• _SUPPLIED DATA_:
________

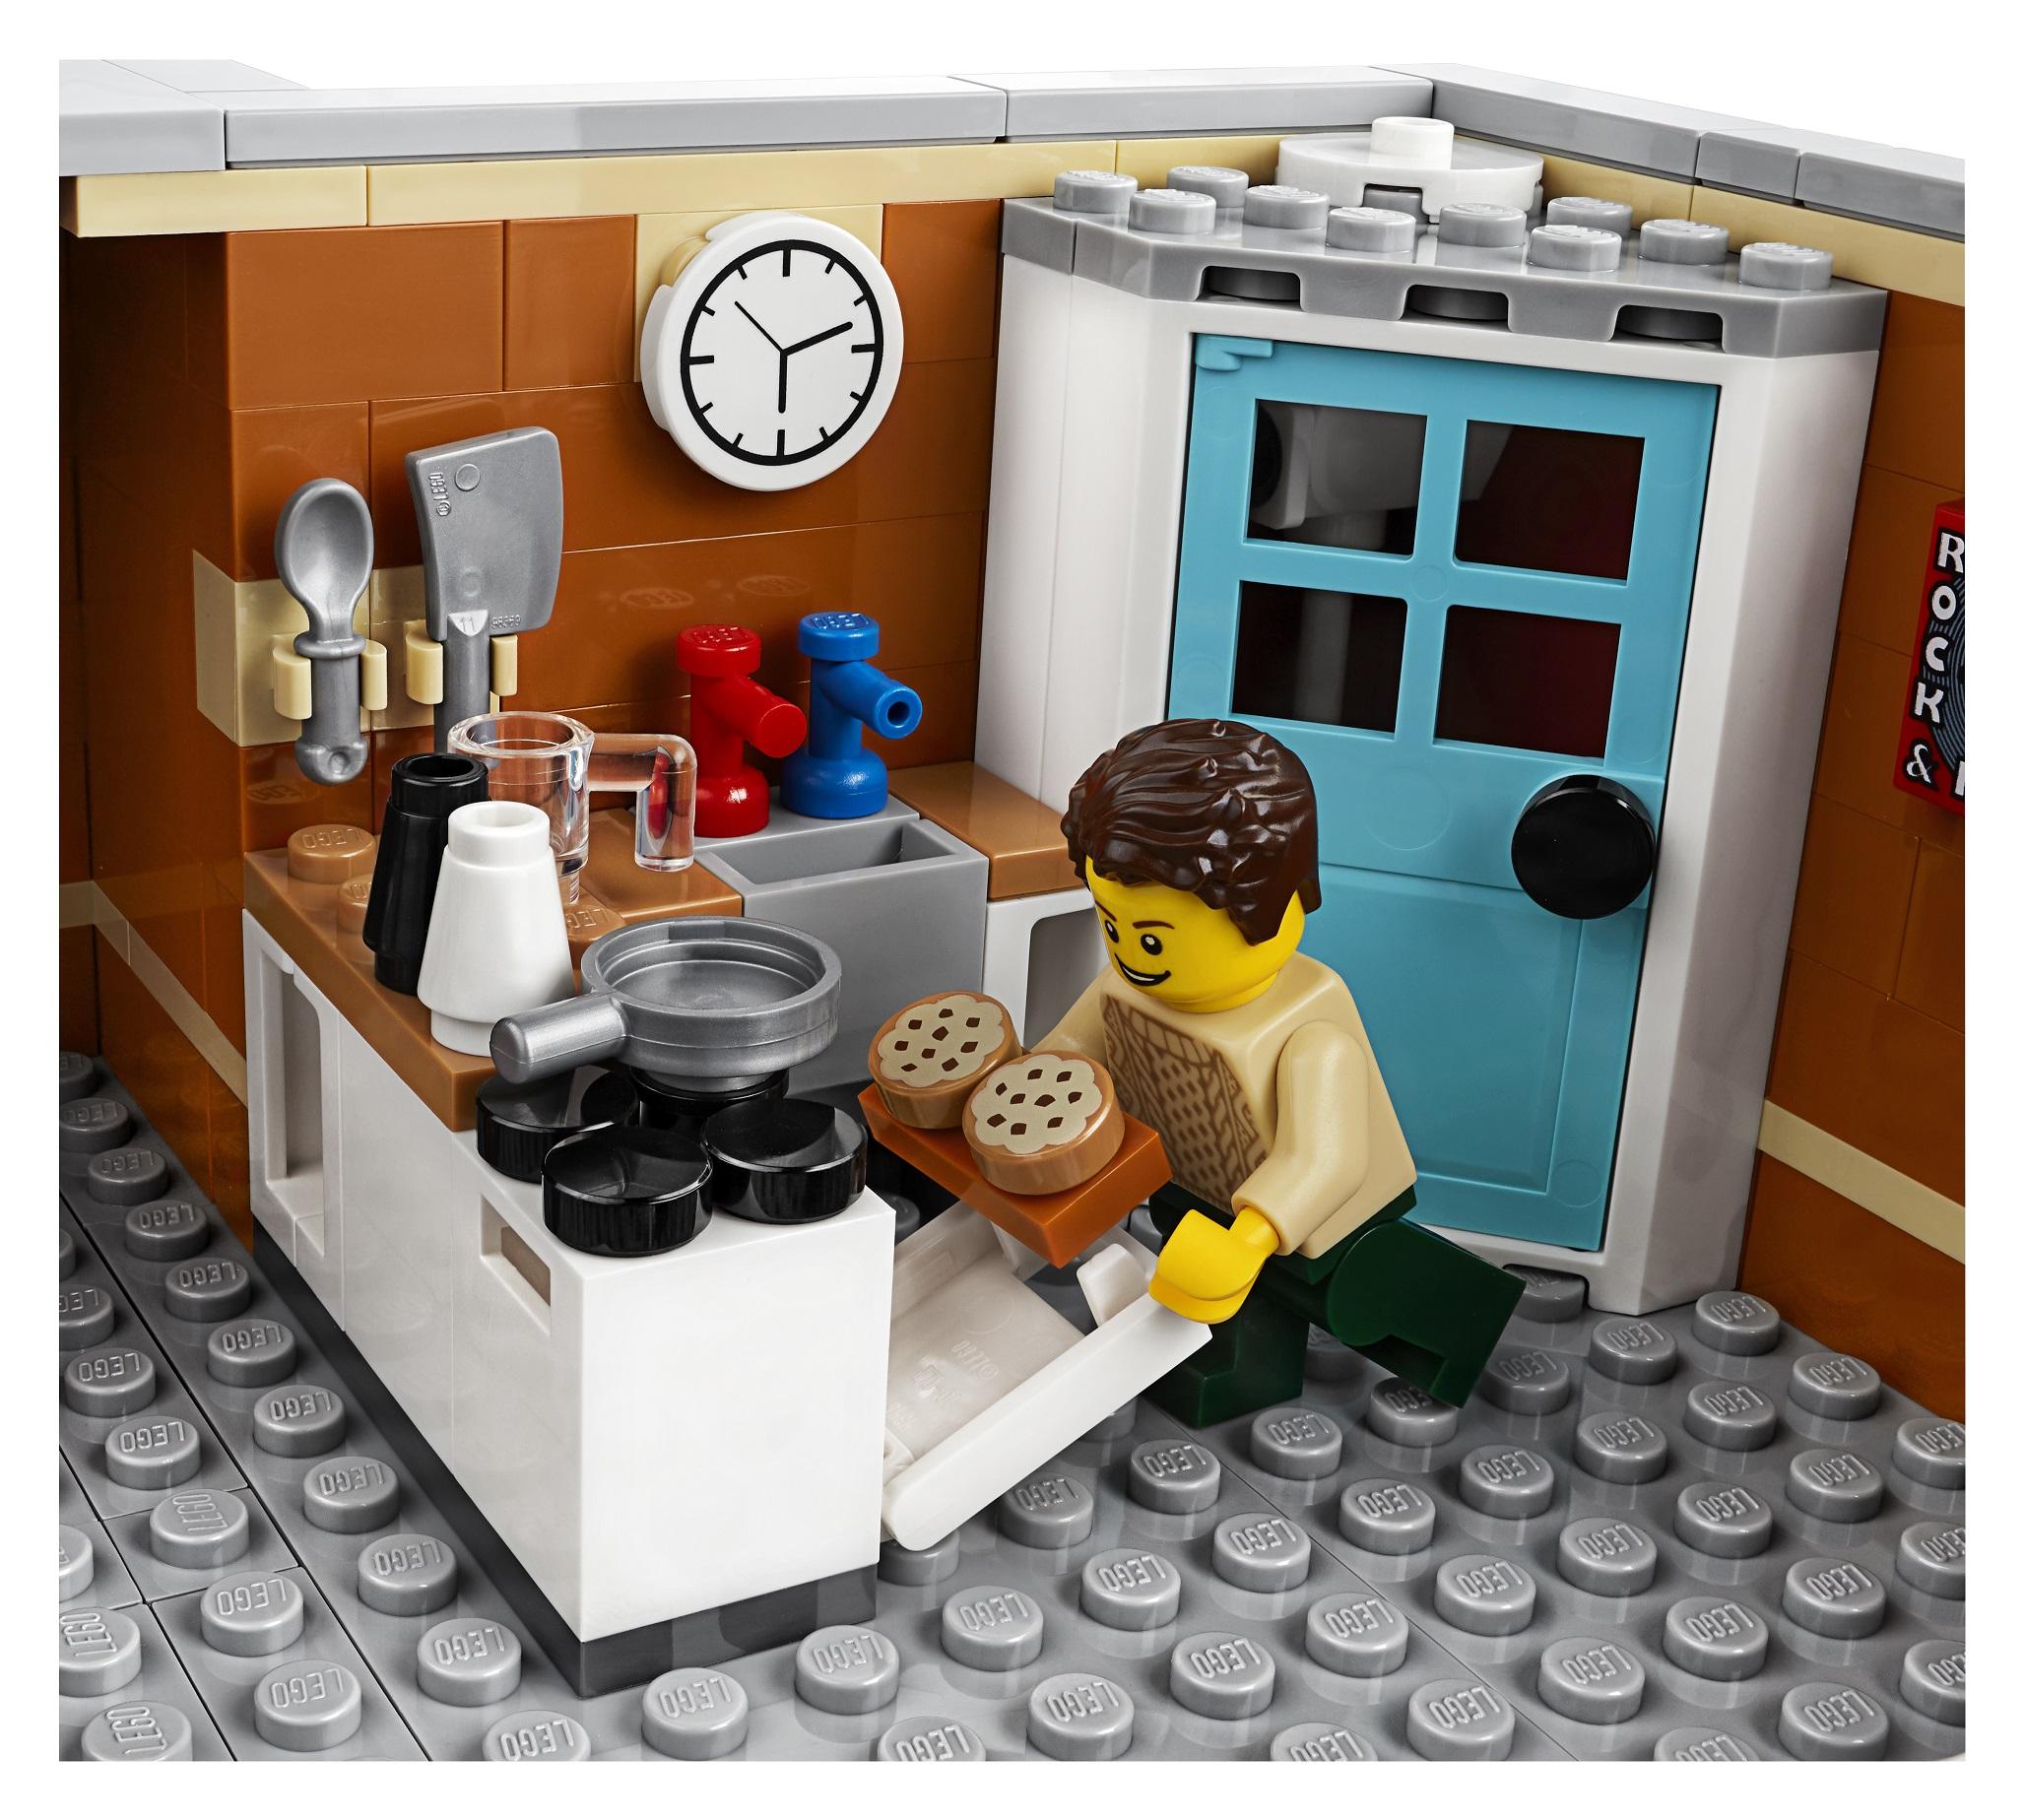 Presenting 10264 Corner Garage The 2019 Lego Modular
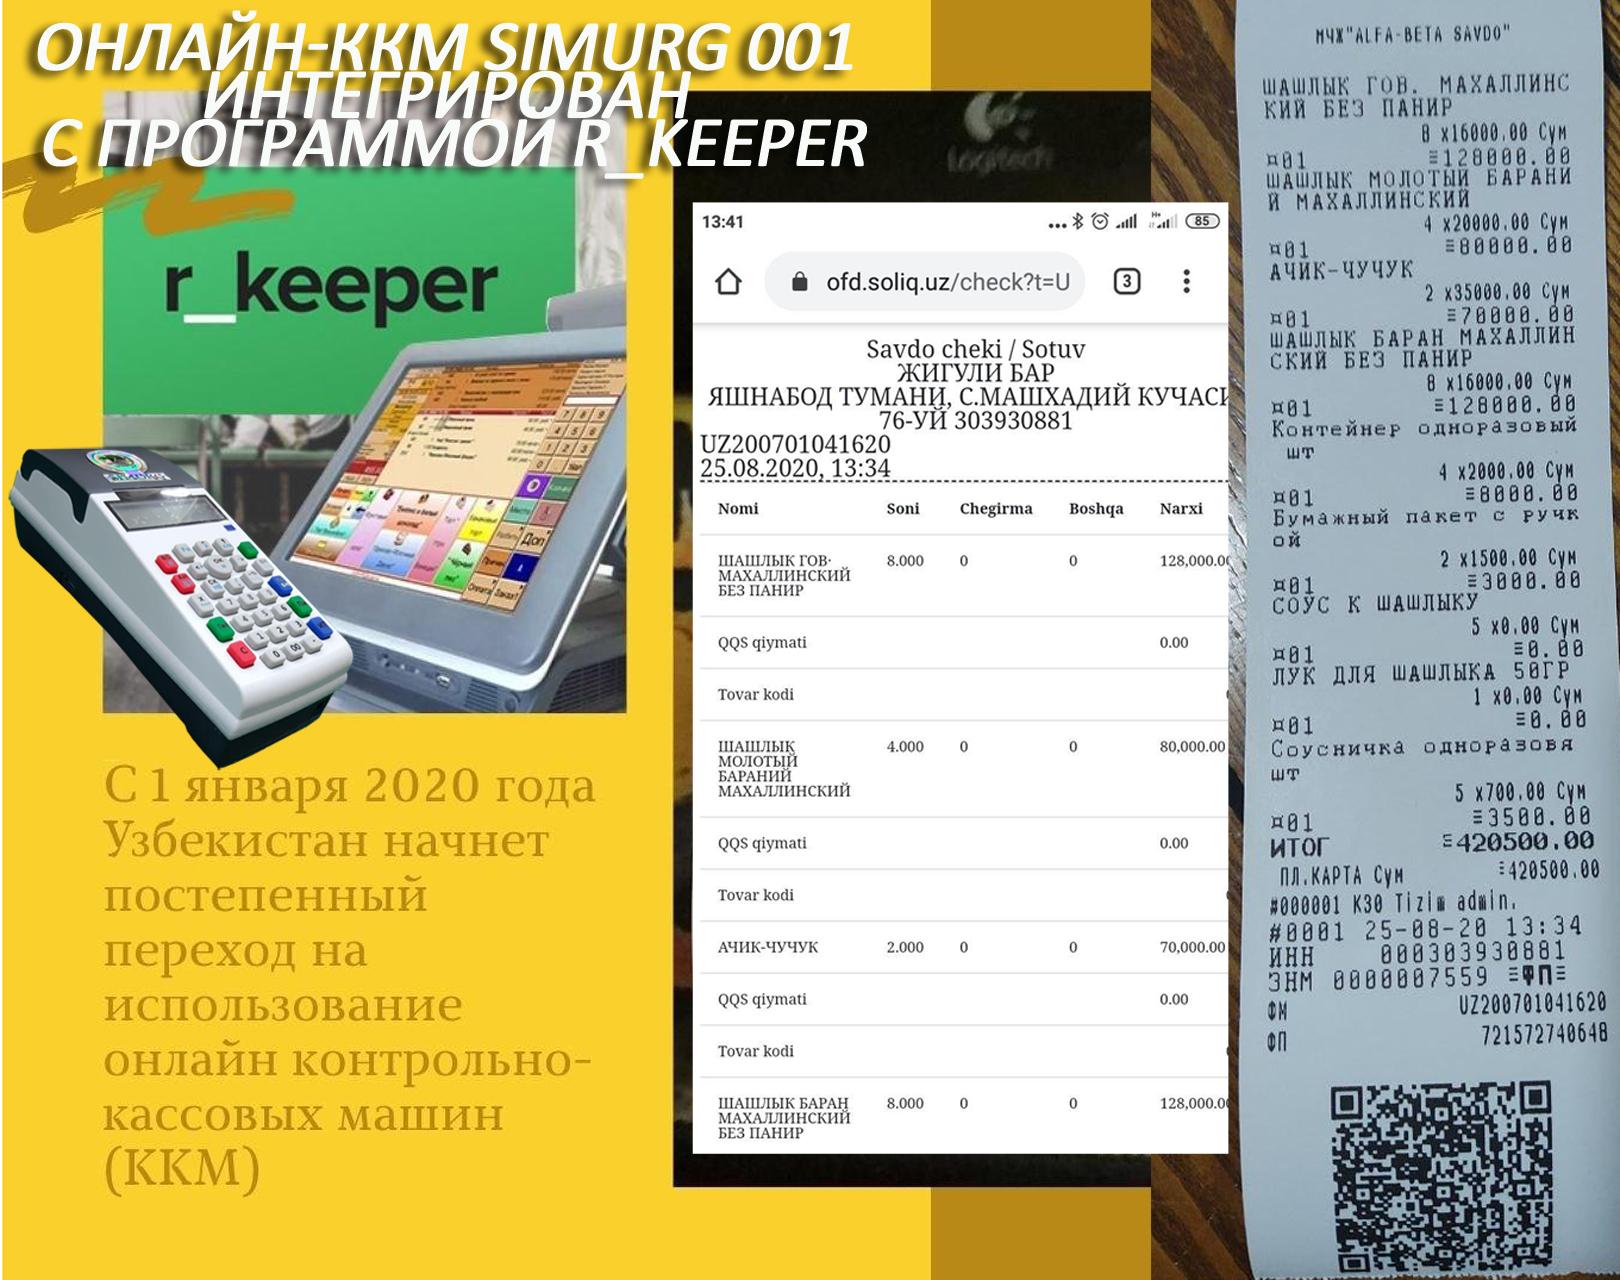 Онлайн-ККМ Simurg 001 интегрирован с программой автоматизации Rkeeper.
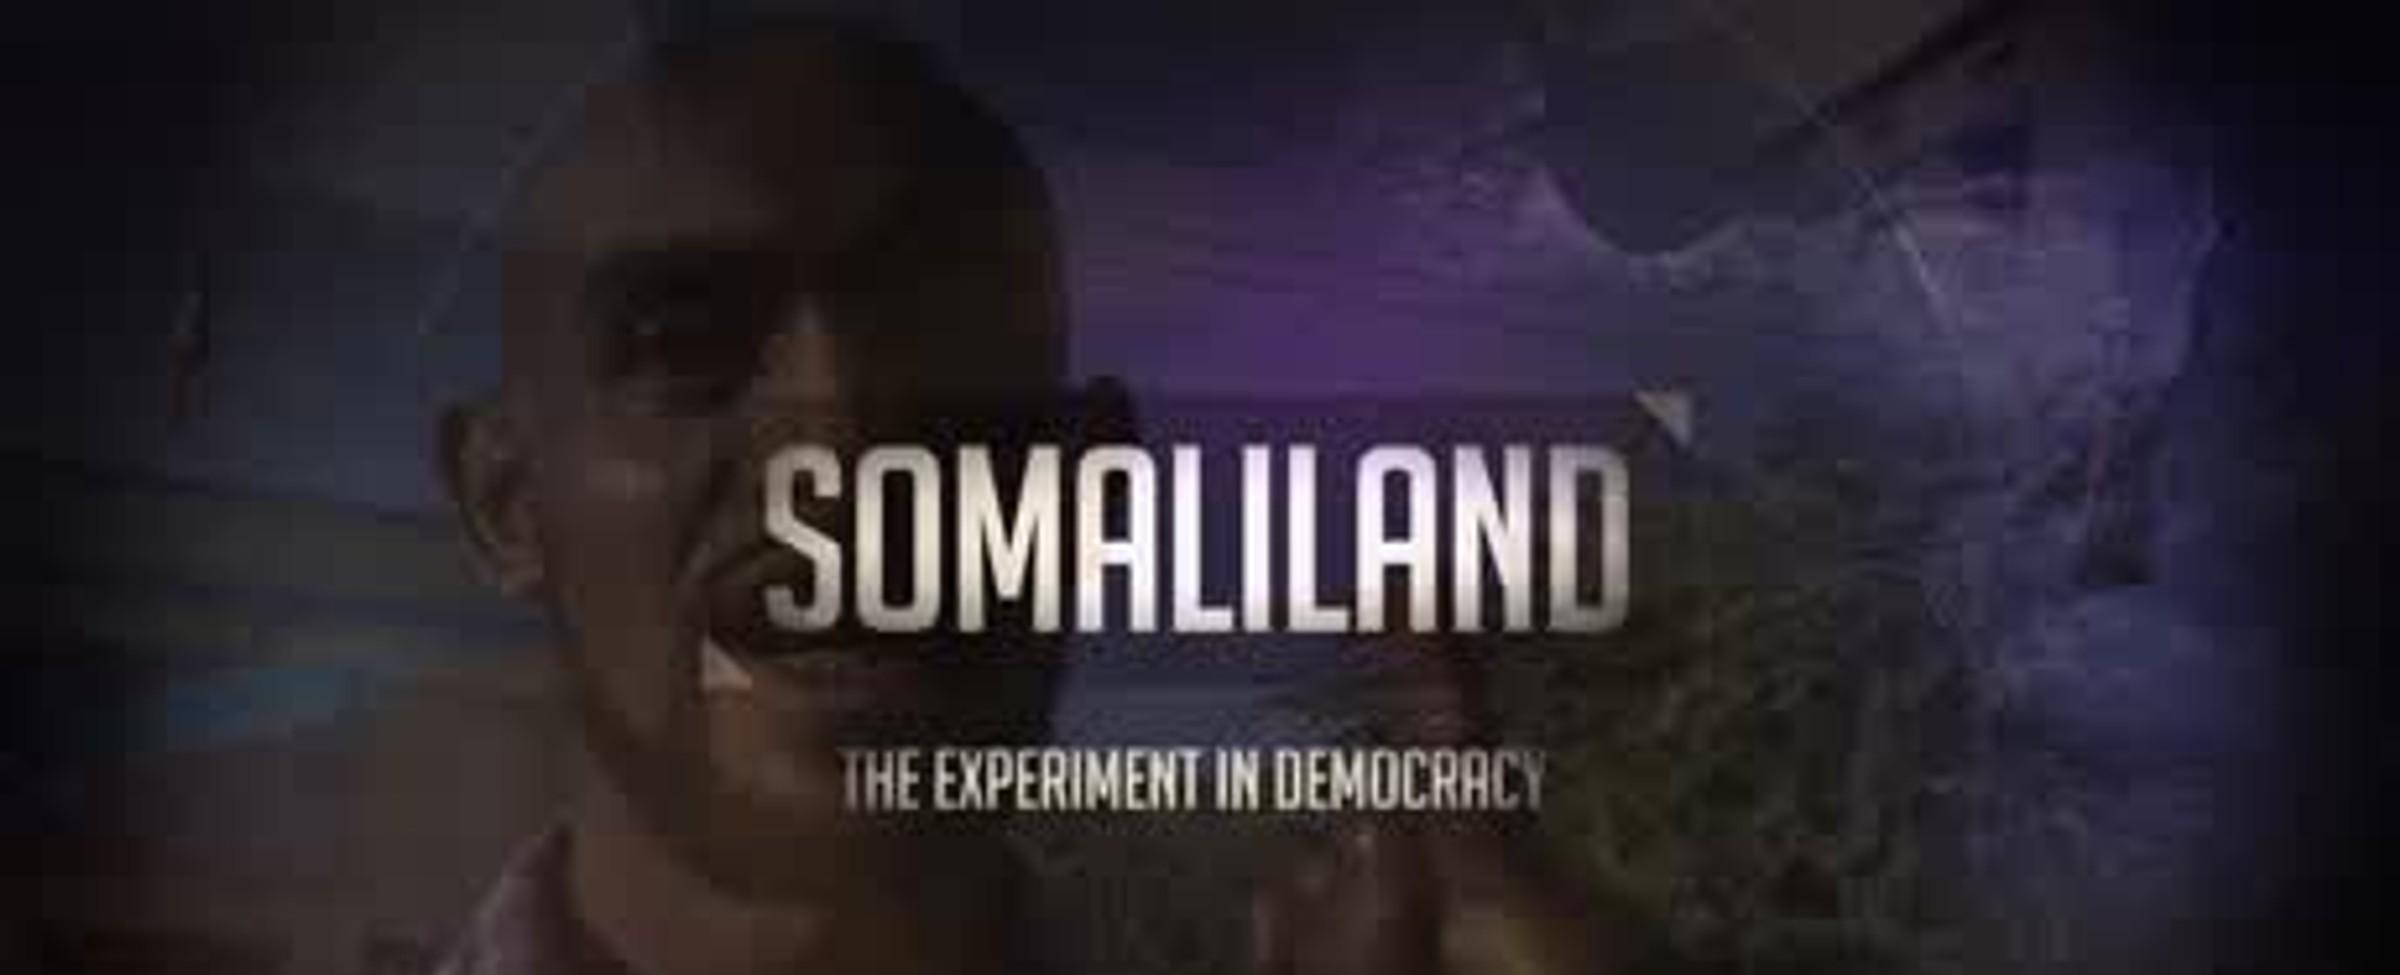 Somálijsko - demokratický experiment

________

• _PROBLEM DETAILS_:
The expected result is the material restated word for word, minus any picture.

• _YOUR RESPONSE_:
 Presenting 10264 Corner Garage The 2019 Lego Modular
 Онлайн-ККМ Simurg 001 интегрирован с программой автоматизации Rkeeper.
 Somálijsko - demokratický experiment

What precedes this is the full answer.